Let A be the centre of one of the circular discs, B and C the two intersection points of their boundaries, and D the midpoint of the segment connecting B and C, which coincides with the midpoint of the segment connecting the two centres; see Figure 2. By construction, $d(A,B) = r$ , $d(A,D) = t/2$ , and the angle ADB is $\pi/2$ . Let $\beta$ and $\alpha$ denote the angles DBA and BAC, respectively, and let $a=d(B,D)$ . We use spherical trigonometry in the triangle ABD. By the spherical sine theorem, $\sin \beta = \sin(t/2)/\sin r$ . By the spherical cosine theorem used for the side AB, $\cos r = \cos a \cos (t/2)$ , and for the side BD,

$$\cos(\alpha/2) = \frac{\cos a - \cos r \cos(t/2)}{\sin r \sin(t/2)} = \frac{\tan(t/2)}{\tan r}.$$

Figure 2.

The surface area of the intersection of two spherical circular discs.

The surface area of half of the intersection is then obtained by subtracting the area of the triangle from the area of the circular sector, $\alpha\cdot(1-\cos r) - (\alpha + 2\beta - \pi)$ , which yields the assertions after substituting in the above formulas obtained for $\alpha$ and $\beta$ .

3. Proofs of Theorems 1 and 2

In the proof of Theorem 1, we closely follow the proof of the corresponding planar result in [Reference Fodor, Kevei and Vígh6, Theorem 1.2], whose argument is based on the technique used in [Reference Spivak17].

Proof of Theorem 1. Let $P_1$ and $P_2$ be two distinct points in K. There are exactly two spherical circular discs of radius r that contain both points in their boundaries. Let $D^{-}(P_1, P_2)$ and $D^{+} (P_1,P_2)$ denote the spherical disc-caps determined by these circular discs, i.e. the closure of the subset of K that is not covered by the corresponding disc.
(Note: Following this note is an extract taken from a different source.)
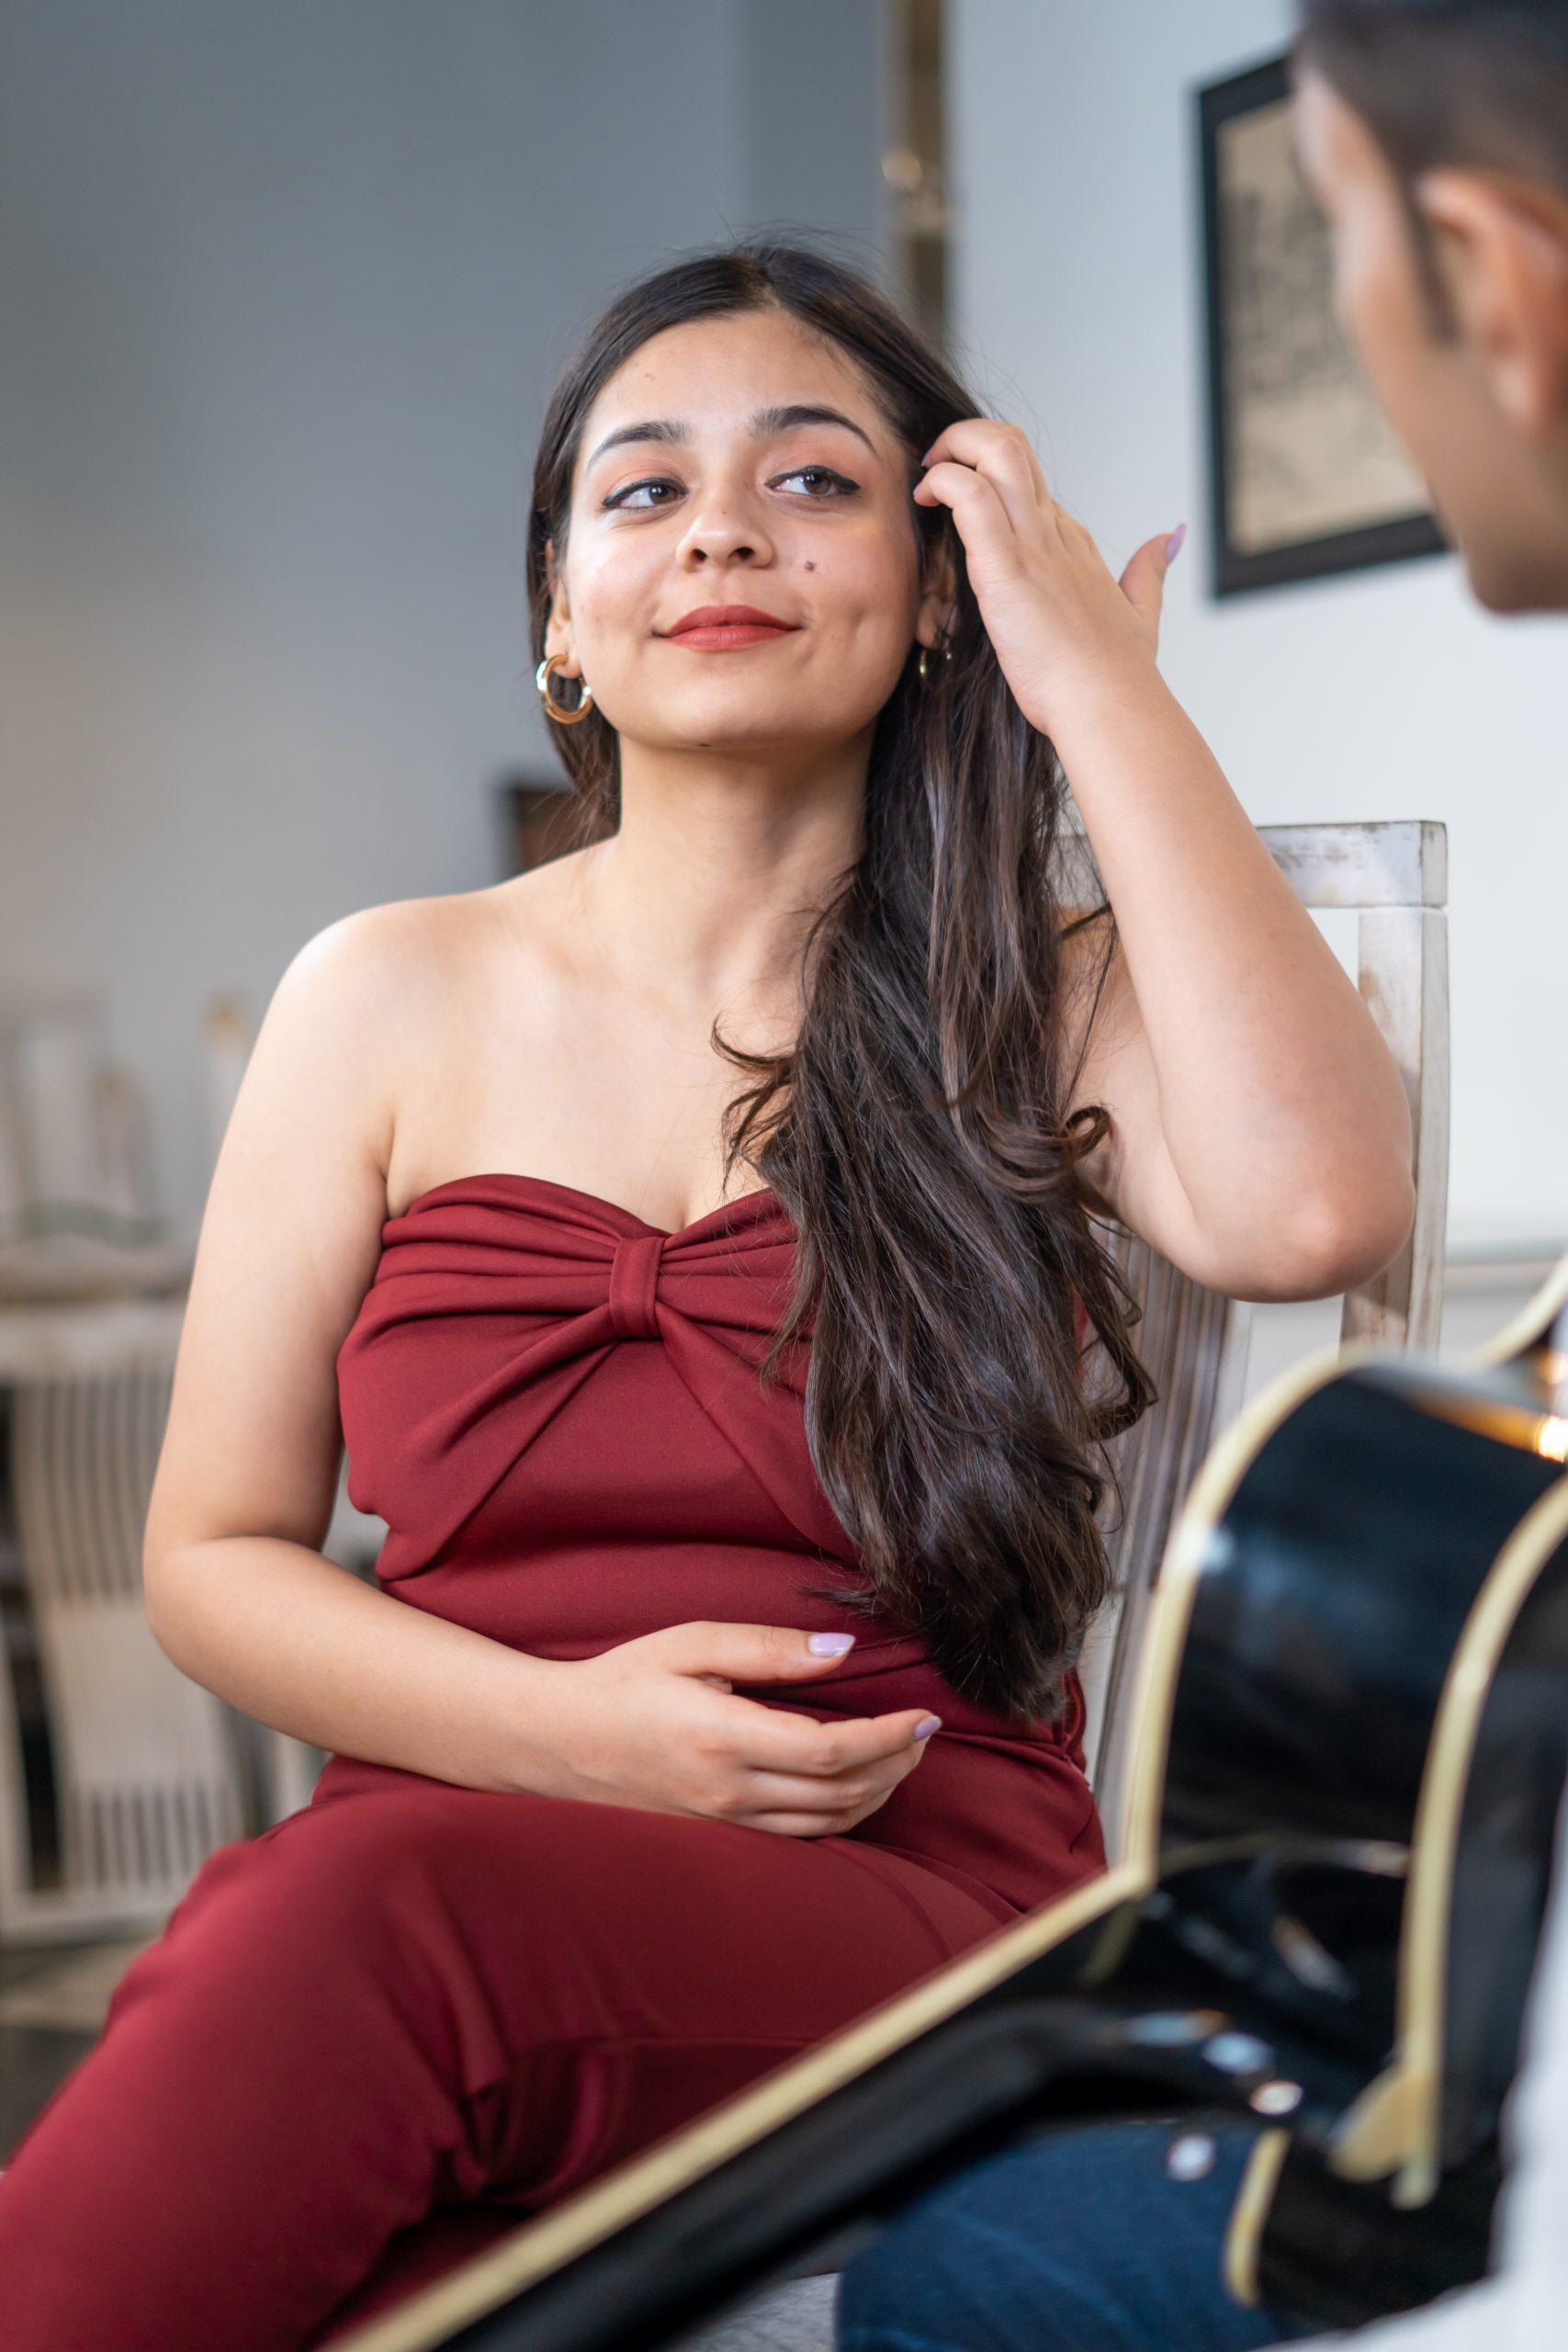 Girl listening to guitar played by boyfriend

We also introduce the notation $A^{-}(P_1, P_2)= A(D^{-}(P_1, P_2))$ and $A^{+}(P_1, P_2)= A(D^{+} (P_1, P_2))$ . Furthermore, let $i(P_1, P_2)$ denote the length of the shorter r-arc connecting $P_1$ and $P_2$ .

The random pair of points $P_1,P_2\in K$ determines an edge of $K_n$ if and only if $D^{-}(P_1,P_2)$ or $D^{+}(P_1,P_2)$ don’t contain more of the chosen n points. Hence, our goal is to determine $\mathbb{E}(\operatorname{Per}(K)-\operatorname{Per}(K_n)) = \operatorname{Per}(K)-\binom n2\cdot I_n$ , where

$$ I_n = \frac{1}{A^2}\int\limits_{K}\int\limits_{K}\bigg(\bigg(1 -\frac{A^-(P_1,P_2)}{A}\bigg)^{n-2} + \bigg(1 -\frac{A^+(P_1,P_2)}{A}\bigg)^{n-2}\bigg)i(P_1,P_2)\,\mathrm{d}P_1\,\mathrm{d}P_2. $$

To compute this integral, we carry out the integral transformation in [Reference Nagy and Vígh14, Section 3], which can be described as follows. Let $\varrho=\varrho(s)$ be an arc-length parametrisation of $\partial K$ with positive orientation, and let $C=C(t,s)\in S^2$ be the point at distance $r+t$ from $\varrho(s)$ in the direction of $\varrho(s)\times \dot{\varrho}(s)$ along the great circle determined by the normal plane of $\partial K$ at $\varrho(s)$ . The normal plane is then the plane spanned by $\varrho(s)$ and $\varrho (s) \times \dot{\varrho}(s)$ , implying that

$$C = C(t,s)=\cos(r+t)\cdot \varrho(s) + \sin(r+t) \cdot \varrho(s)\times \dot \varrho(s).$$

Let $K_{t,s}$ denote the spherical circular disc with centre C(t, s) and radius r.

An orthonormal basis in the orthogonal complement of C is given by

\begin{equation*} w_1(t,s) \, :\!= \, \dot \varrho(s), \quad w_2(t,s) \, :\!= \, - \sin(r+t)\cdot \varrho(s) + \cos(r+t) \cdot \varrho(s)\times \dot \varrho(s). \end{equation*}

Any pair of points $(P_1, P_2)$ in K determines exactly two disc-caps, and by Lemma 2 each has a unique vertex $\varrho(s)$ and height t. Hence, the points can be reparametrised as

$$ P_i = \cos r\cdot C(t,s) + \sin r\cdot[\cos(\varphi_i)\cdot w_1(t,s) + \sin(\varphi_i)\cdot w_2(t,s)] $$

for some parameters $\varphi_1,\varphi_2\in [0,2\pi]$ . In general, this transformation is twofold, but because of the properties of the specific integrand here, every cap gets counted exactly twice.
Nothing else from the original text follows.